Hadoop technology friends will certainly be confused about its system under the parasitic open-source projects confused, and I promise Hive, Pig, http://www.aliyun.com/zixun/aggregation/13713.html "> HBase these open source Technology will engage you some confused, do not confused more than just one, such as a rookie post doubt, when to use Hbase and when to use Hive? .... Consult ^ _ ^ No problem here, I help you manage Clear each technology principles and ideas.
A lightweight scripting language that had been used by hadoop, originally introduced by Yahoo Inc., but now is on the decline. When Yahoo slowly pulled out of pig maintenance, it contributed to its open source community by all hobbyists. However, some companies are still in use, but I think it is better to use hive than pig. :)
Is a data flow language used to quickly and easily handle huge amounts of data.
Contains two parts: Pig Interface, Pig Latin.
HFS can handle HDFS and HBase data very conveniently. Just like Hive, Pig can handle it very efficiently and can save a lot of labor and time by directly manipulating Pig query. When you want to do some conversion on your data, and do not want to write MapReduce jobs can be used
Do not want to use the programming language to develop MapReduce friends such as DB who are familiar with SQL friends can use Hive off-line for data processing and analysis.
Note that Hive is now suitable for offline operation of data, that is not suitable for real-time online query or operation in a real production environment, because the word "slow." in contrast
Originated in FaceBook, Hive plays the role of data warehouse in Hadoop. Built on the top level of a Hadoop cluster, it operates on a SQL-like interface to the data stored on the Hadoop cluster. You can use HiveQL select, join, and so on.
If you have a data warehouse needs and you are good at writing SQL and do not want to write MapReduce jobs you can use Hive instead.
As a column-oriented database running on top of HDFS, HDFS lacks immediate read and write operations, which is what HBase does.

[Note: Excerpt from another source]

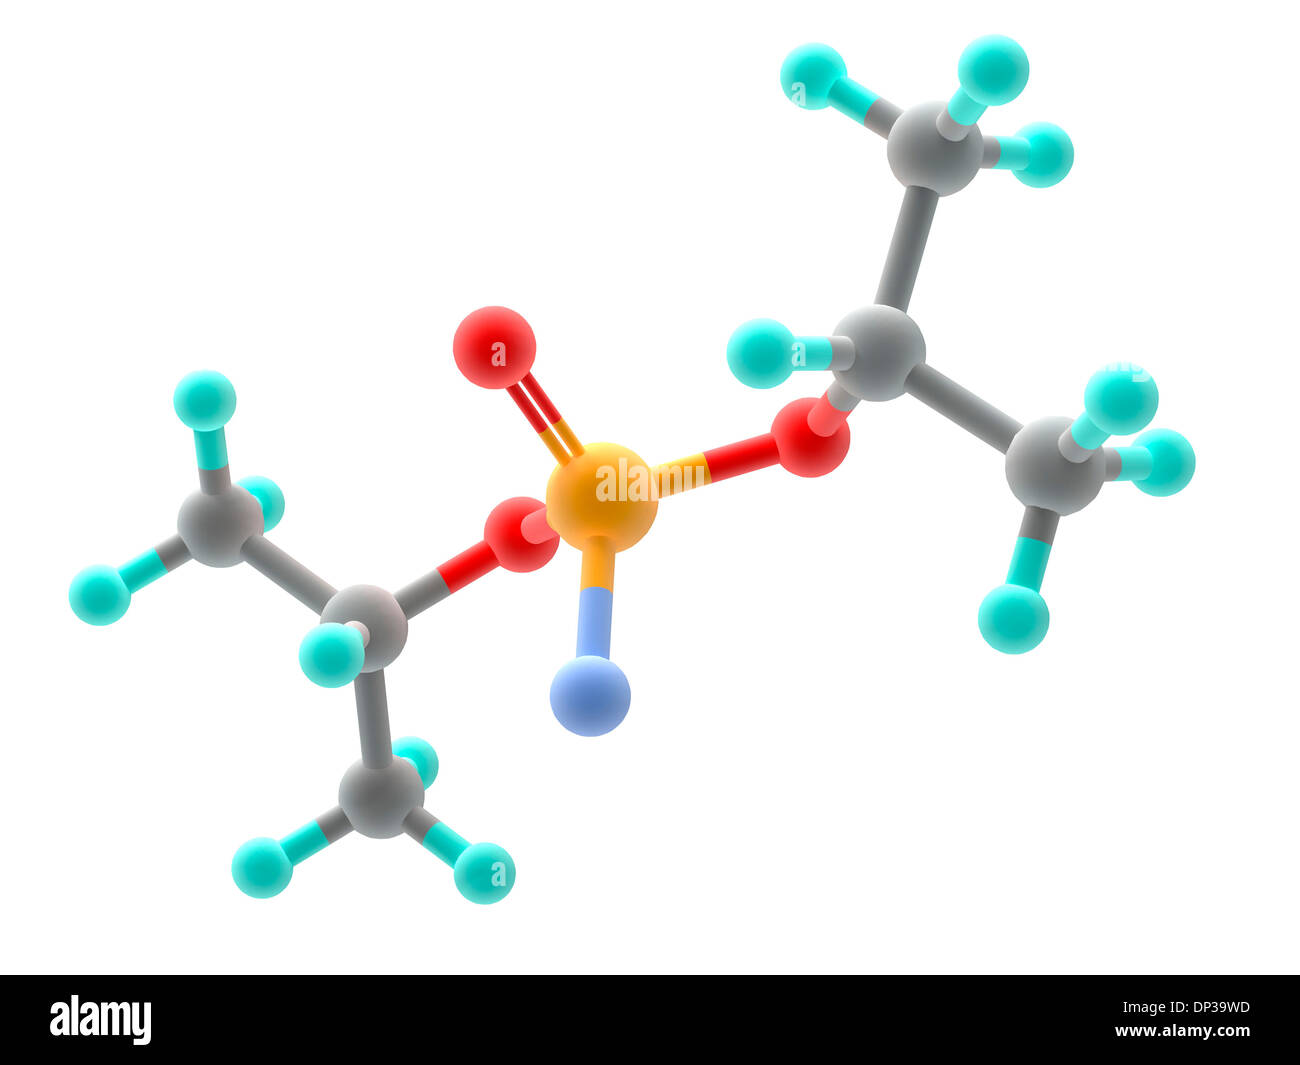 Sarin nerve gas molecule - Stock Image
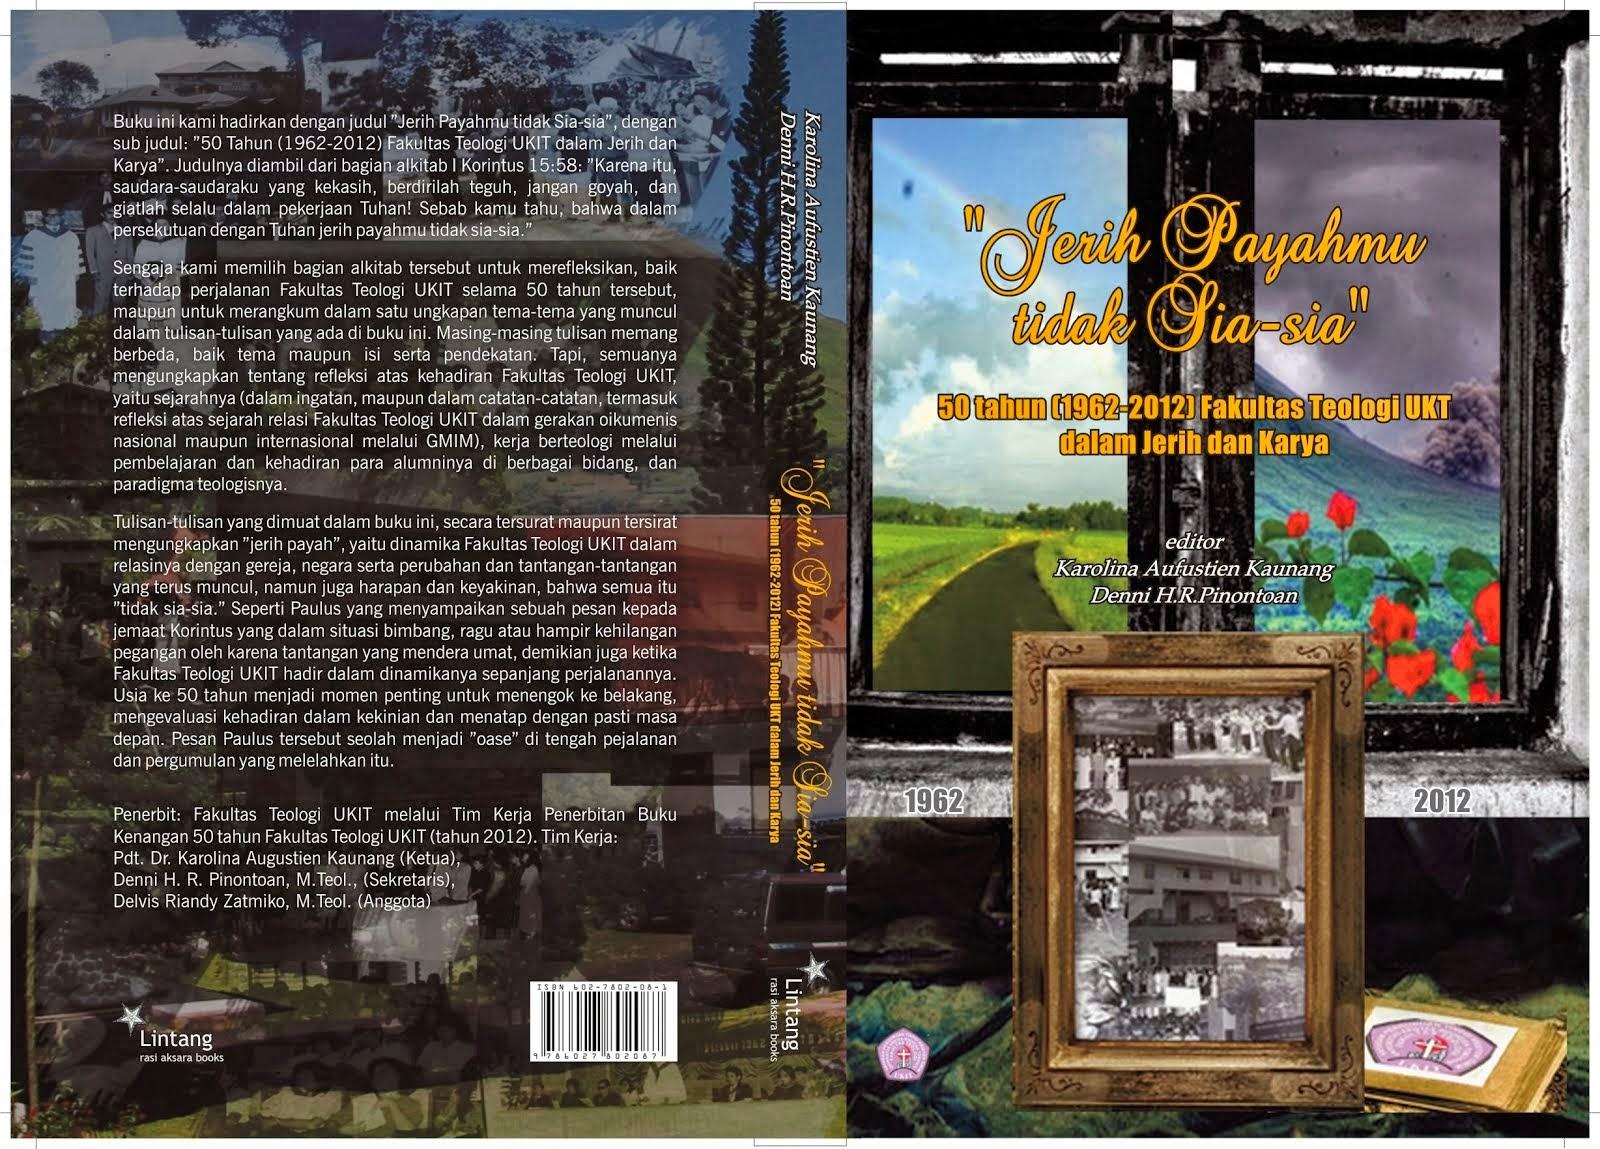 Buku Terbitan Fakultas Teologi UKIT

HBase is Google BigTable-based, stored as key-value pairs. The goal of the project is to quickly locate and access the data needed in billions of rows of data in the host.
Is a database, a NoSql database, like any other database to provide instant read and write capabilities, Hadoop can not meet real-time needs, HBase is to meet. If you need to access some data in real time, put it in HBase.
You can use Hadoop as a static data warehouse, HBase as data storage, put some data that will change some operations.
More suitable for the data warehouse tasks, Hive is mainly used for static structure and the need for frequent analysis of the work. Hive's similarity to SQL makes it an ideal intersection of Hadoop and other BI tools.
Give developers more flexibility in the area of big data and allow the development of concise scripts for transforming data streams for embedding into larger applications.
The main advantage over Hive is its relative strength in terms of significantly reducing the amount of code compared to using Hadoop Java APIs directly. Because of this, Pig is still attracting a large number of software developers.
And Pig can be used in combination with HBase, Hive and Pig also provide high-level language support for HBase, making statistics on HBase become very simple
Is a batch system built on top of Hadoop to reduce the amount of work that MapReduce jobs is written in. HBase is designed to support projects that make up for the shortcomings of Hadoop's real-time operations.
Imagine you are operating the RMDB database, Hive + Hadoop if it is a full table scan, HBase + Hadoop if it is indexed access.
It is MapReduce jobs can be more than 5 minutes to several hours, HBase is very efficient, certainly more efficient than Hive.